For much of the past month, some commentators have defended the effort to promote social distancing, including the near-shutdown of huge swaths of America’s economy, as the lesser of two evils: Yes, asking or forcing people to remain in their homes for as much of the day as possible will slow economic activity, the argument goes. But it’s worth it for the public health benefits of slowing the coronavirus’s spread.
This argument has, naturally, led to a backlash, explained here by my colleague Ezra Klein. Critics — including the president — have argued that the cure is worse than the disease, and mass death from coronavirus is a price we need to be willing to pay to keep the American economy from cratering.
Both these viewpoints obscure an important possibility: The social distancing regime may well be optimal not just from a public health point of view, but from an economic perspective as well.
Economists Sergio Correia, Stephan Luck, and Emil Verner released a working paper (not yet peer-reviewed) last week that makes this argument extremely persuasively. The three analyzed the 1918-1919 flu pandemic in the United States, as the closest (though still not identical) analogue to the current crisis. They compare cities in 1918-’19 that adopted quarantining and social isolation policies earlier to ones that adopted them later.
Their conclusion? “We find that cities that intervened earlier and more aggressively do not perform worse and, if anything, grow faster after the pandemic is over.”
The researchers refer to such social distancing policies as NPIs, or “non-pharmaceutical interventions,” essentially public health interventions not achieved through medication, like quarantines and school and business closures. The key to the paper is their observation that, in theory, NPIs can both decrease economic activity directly, by keeping people in certain jobs from going to work, and increase it indirectly, because it prevents large-scale deaths that would also have a negative impact on the economy.

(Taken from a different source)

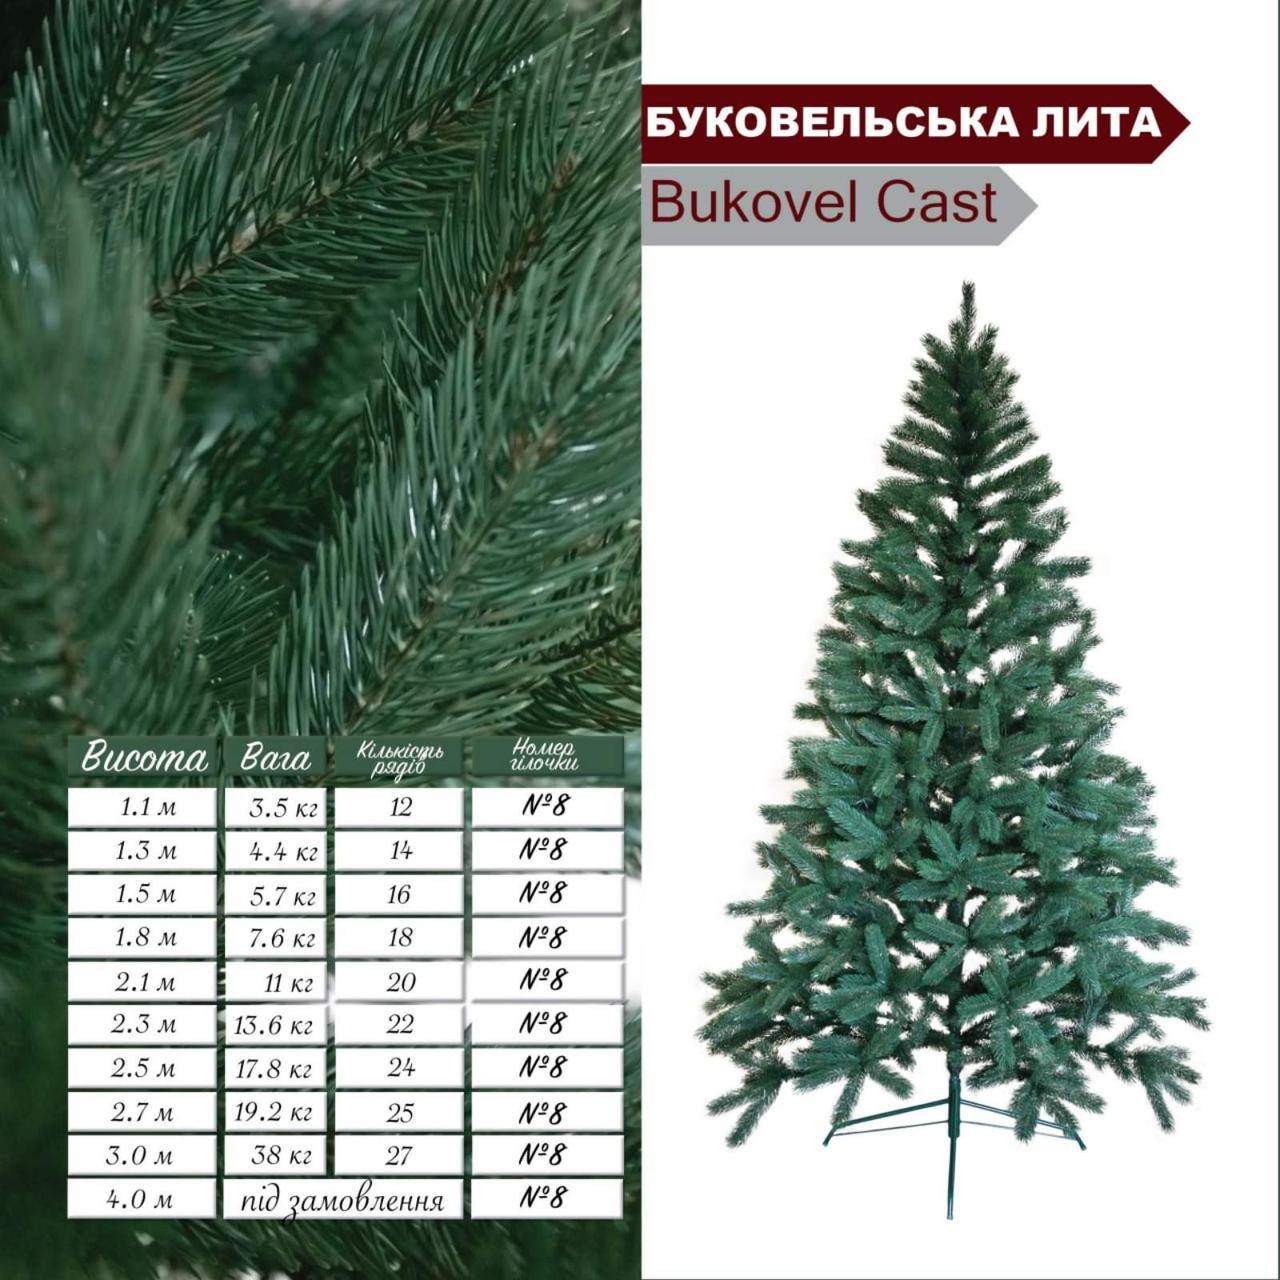 Ель буковельская литая зеленая Bukovel Cast № 8 высота 4

“While NPIs lower economic activity, they can solve coordination problems associated with fighting disease transmission and mitigate the pandemic-related economic disruption,” they write. In other words, social distancing measures that save lives can also, in the end, soften the economic disruption of a pandemic.
The data here comes from a 2007 paper in the Journal of the American Medical Association, where a group of researchers chronicled what specific policies were put in place between September 8, 1918, and February 22, 1919, by 43 different cities. The most common NPI the JAMA researchers identified was a combination of school closures and bans on public gatherings; 34 of the 43 cities adopted this rule, for an average of four weeks.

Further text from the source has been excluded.